## PROBLEM REQUIREMENTS
Would you repeat the listing exactly, without any of its images?

## DATA EXTRACT
Content starts

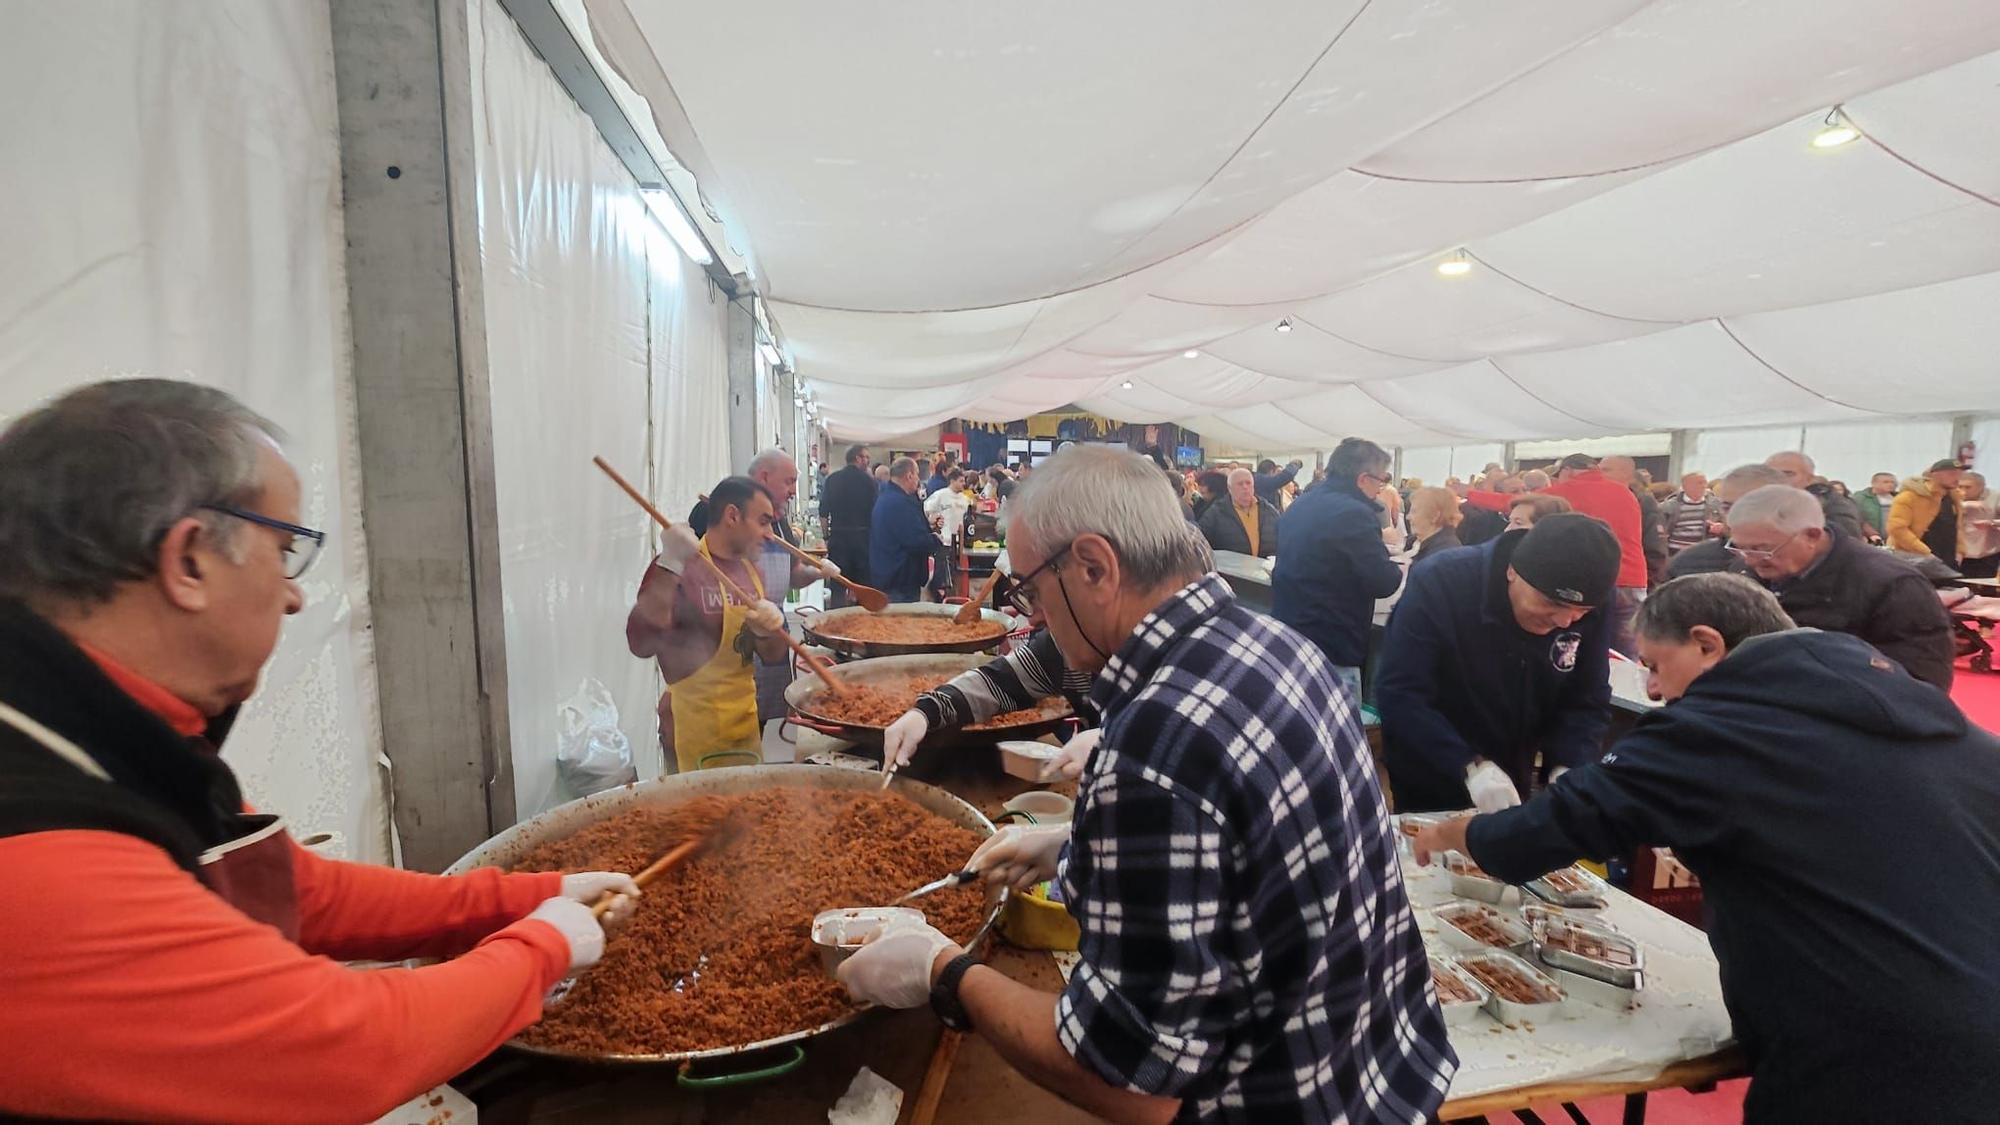 Así es la comida popular de las fiestas de Santa Bárbara en Mieres, con 210 kilos de picadillo
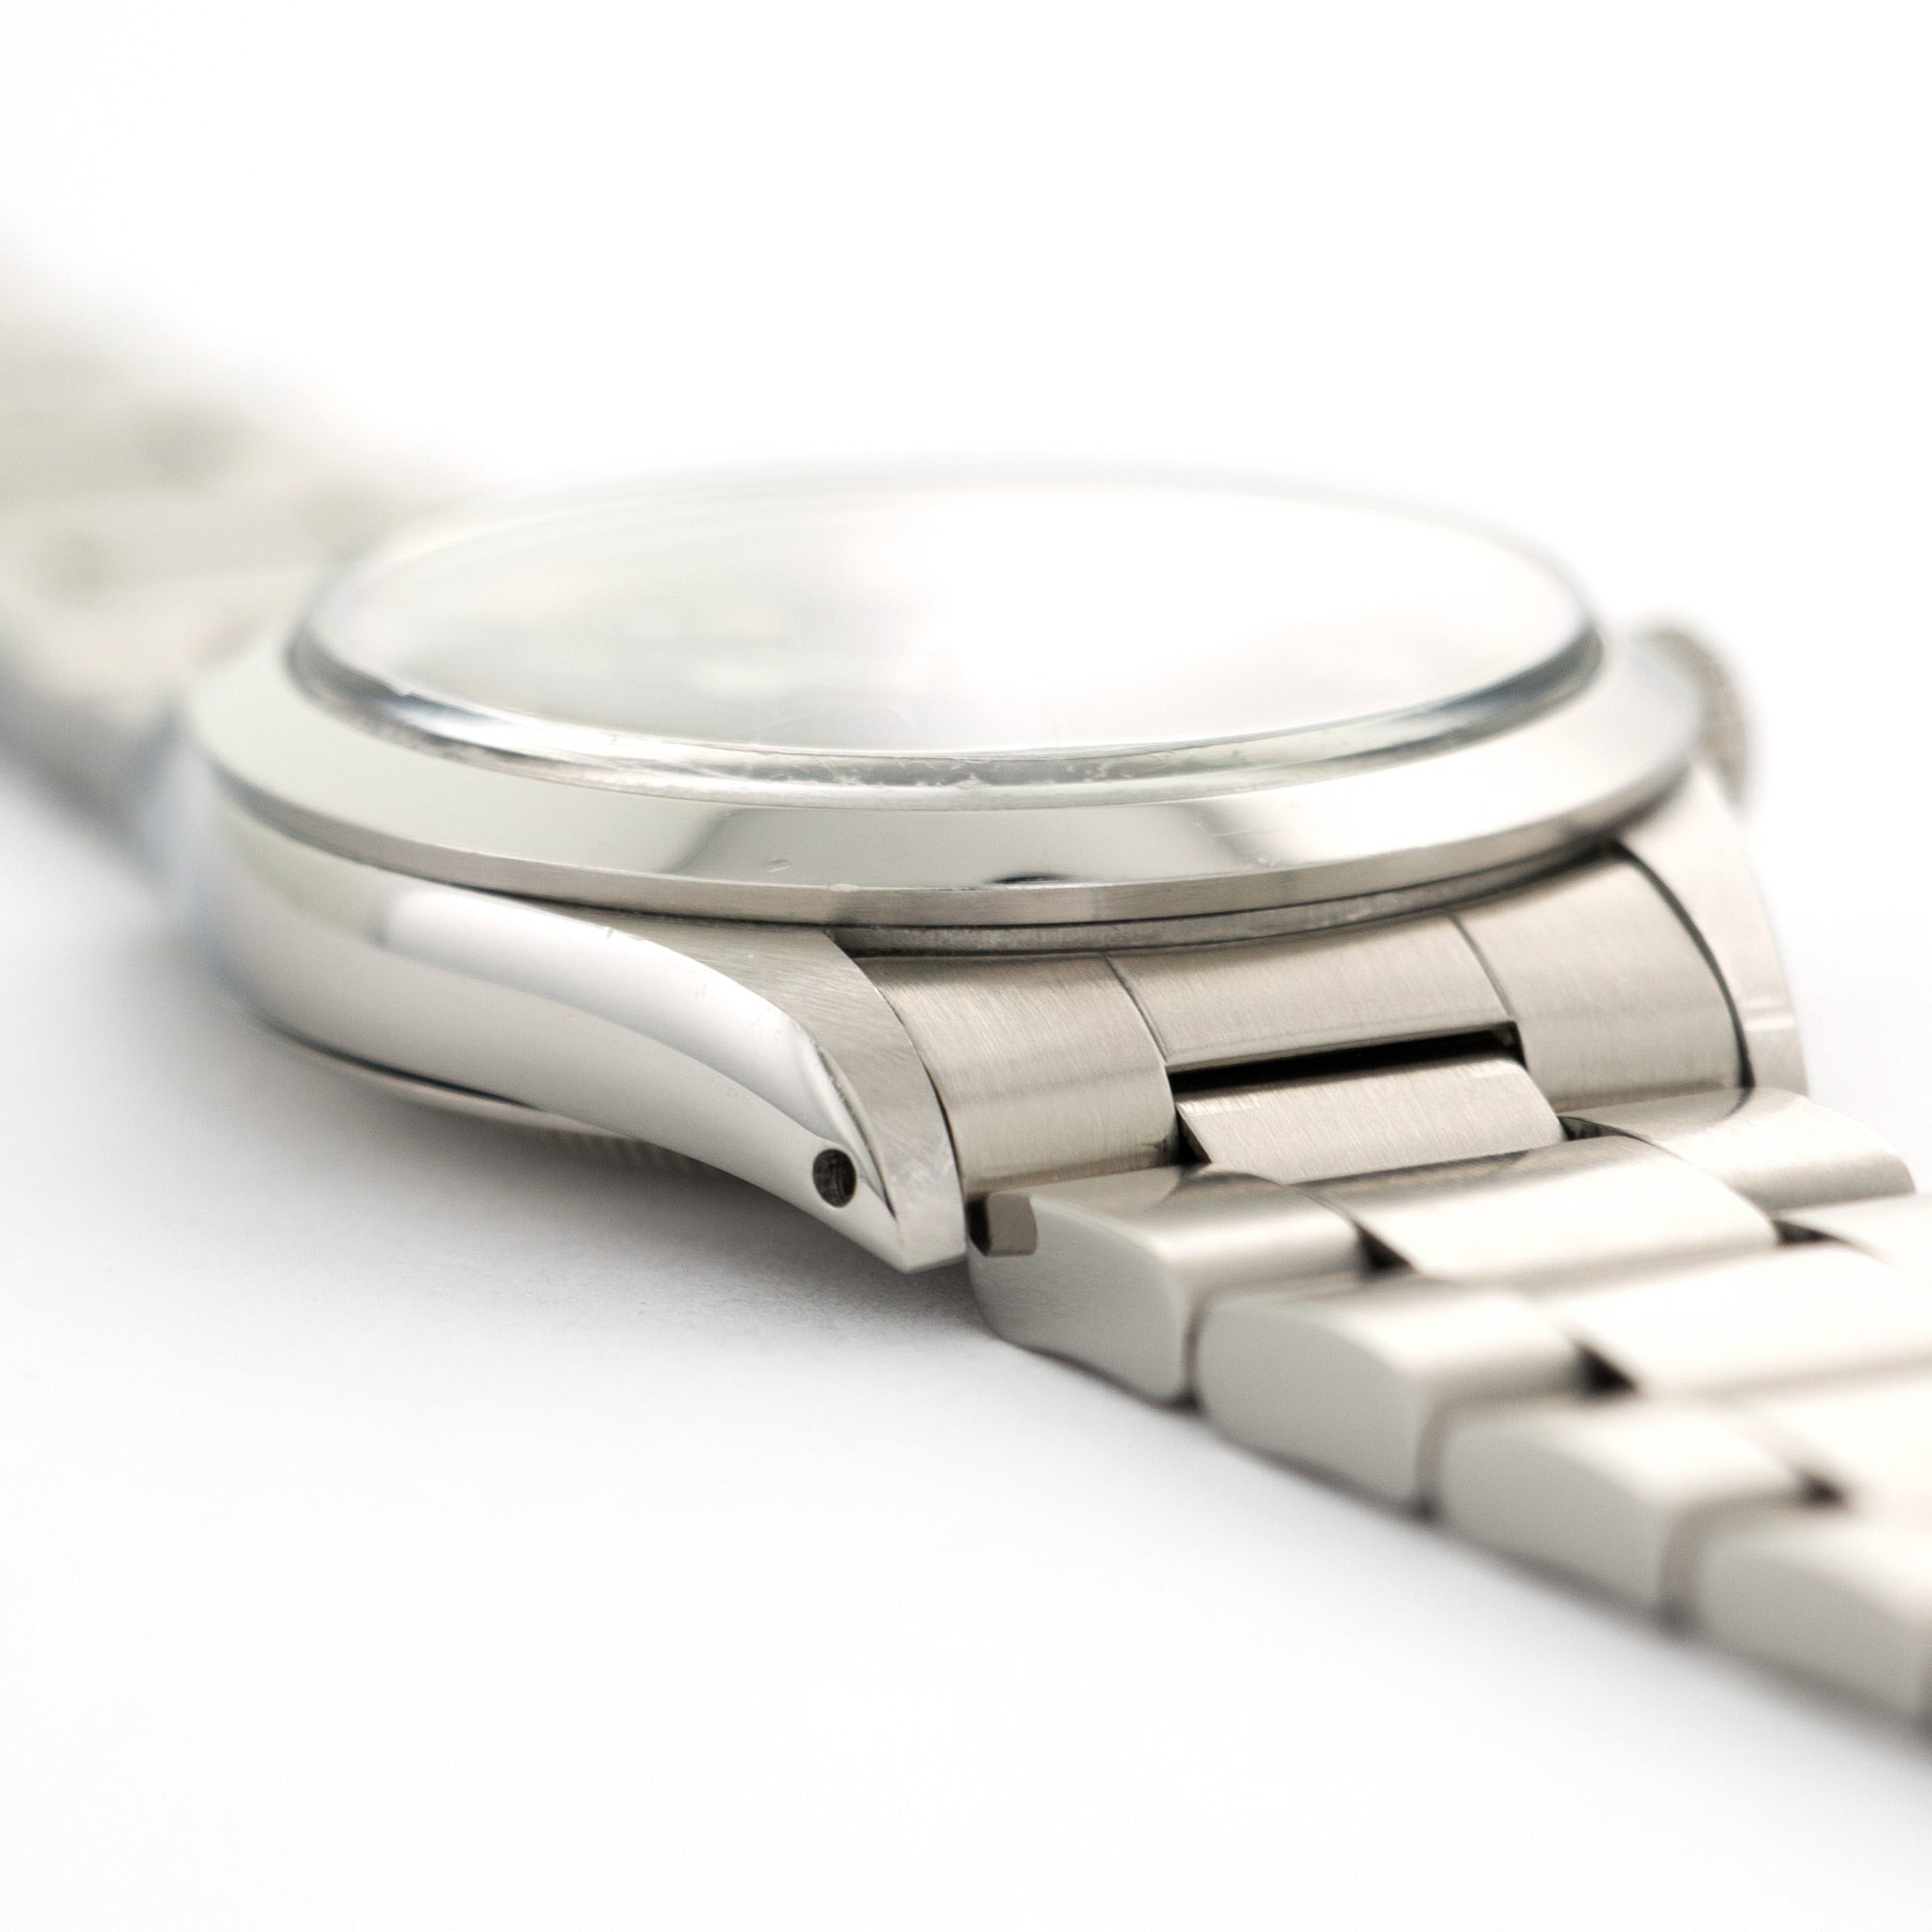 Rolex - Rolex Explorer Watch Ref. 1016, Circa 1974 - The Keystone Watches
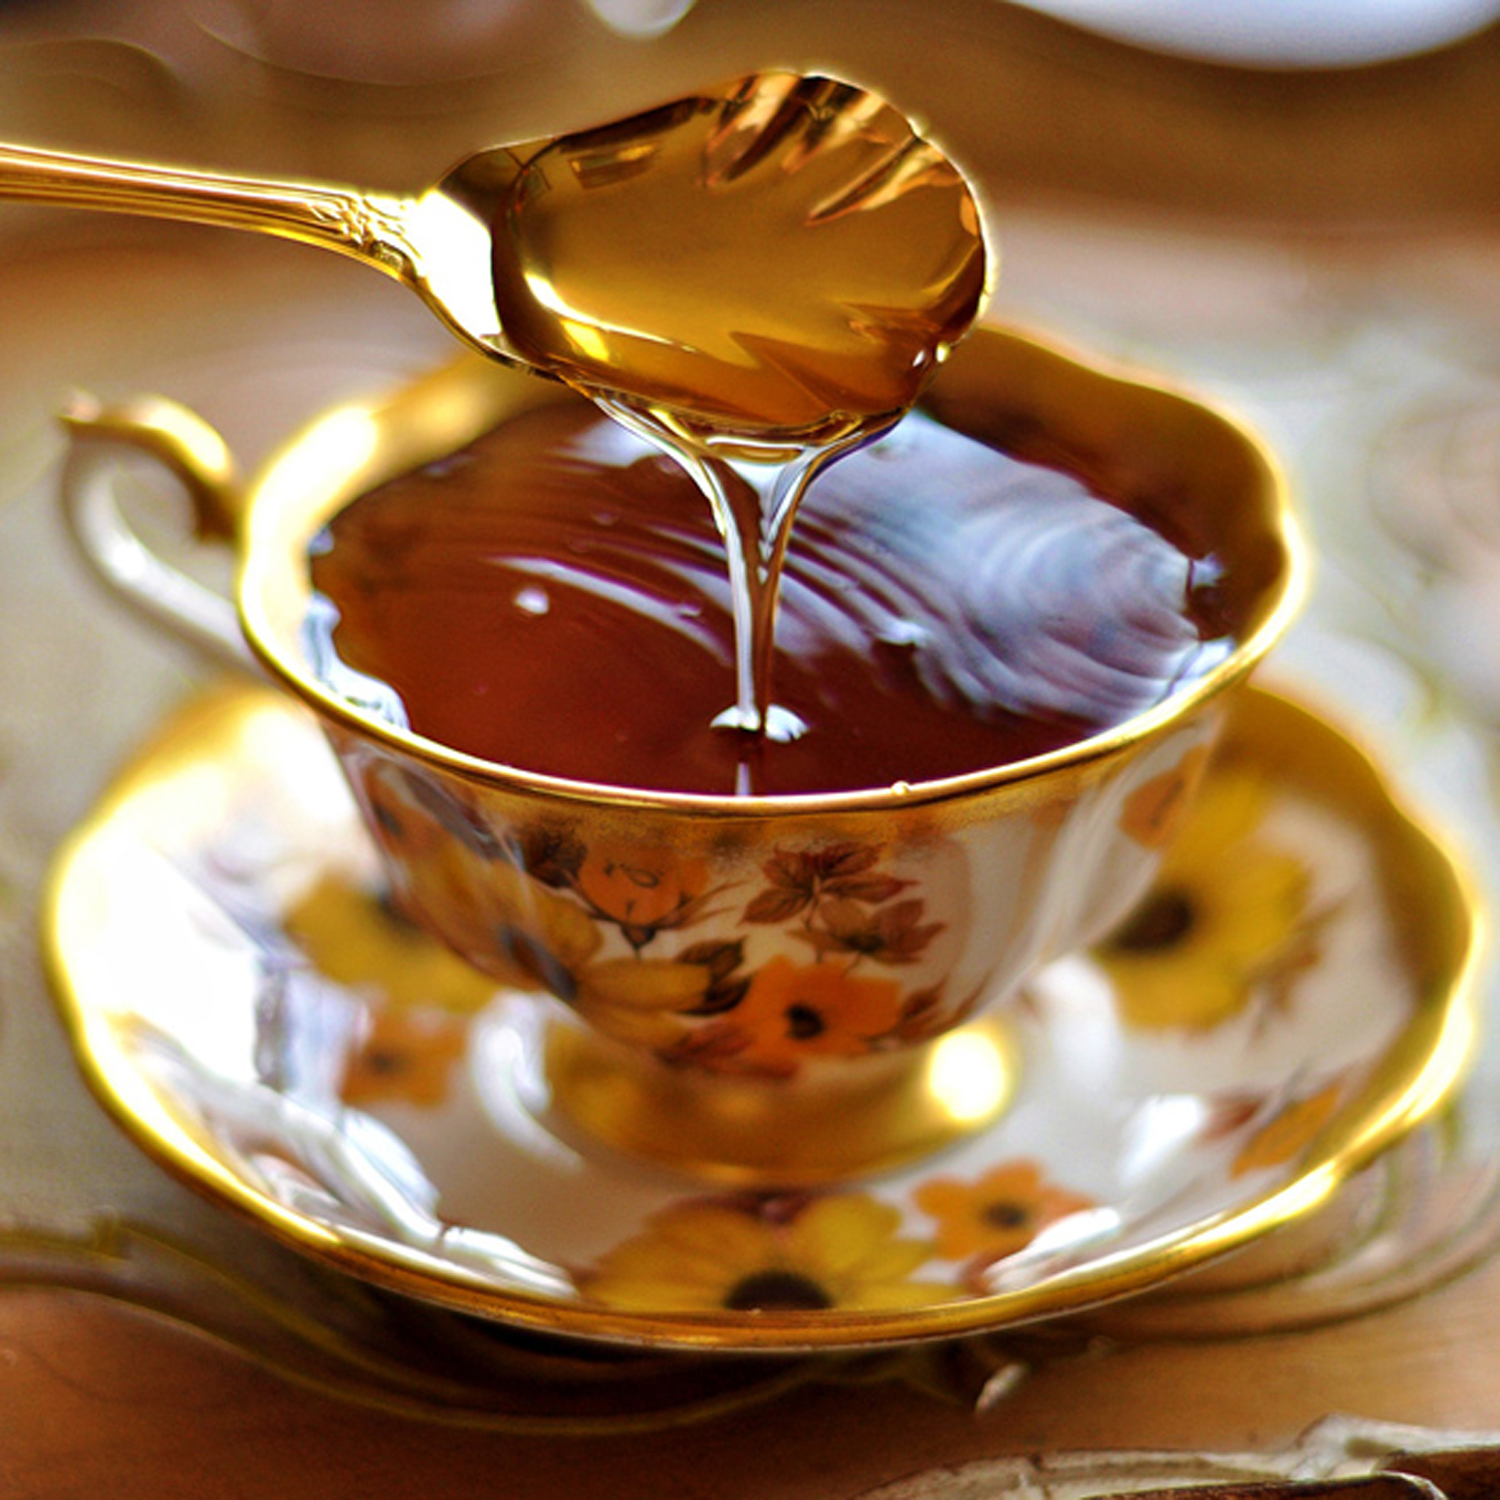 Το μέλι είναι πλούσιο σε υδατάνθρακες, πρωτεΐνες, βιταμίνες του συμπλέγματος Β, αμινοξέα, ένζυμα, ιχνοστοιχεία

Content ends

## SOLUTION TO THIS TASK
 Así es la comida popular de las fiestas de Santa Bárbara en Mieres, con 210 kilos de picadillo
 Rolex - Rolex Explorer Watch Ref. 1016, Circa 1974 - The Keystone Watches
 Το μέλι είναι πλούσιο σε υδατάνθρακες, πρωτεΐνες, βιταμίνες του συμπλέγματος Β, αμινοξέα, ένζυμα, ιχνοστοιχεία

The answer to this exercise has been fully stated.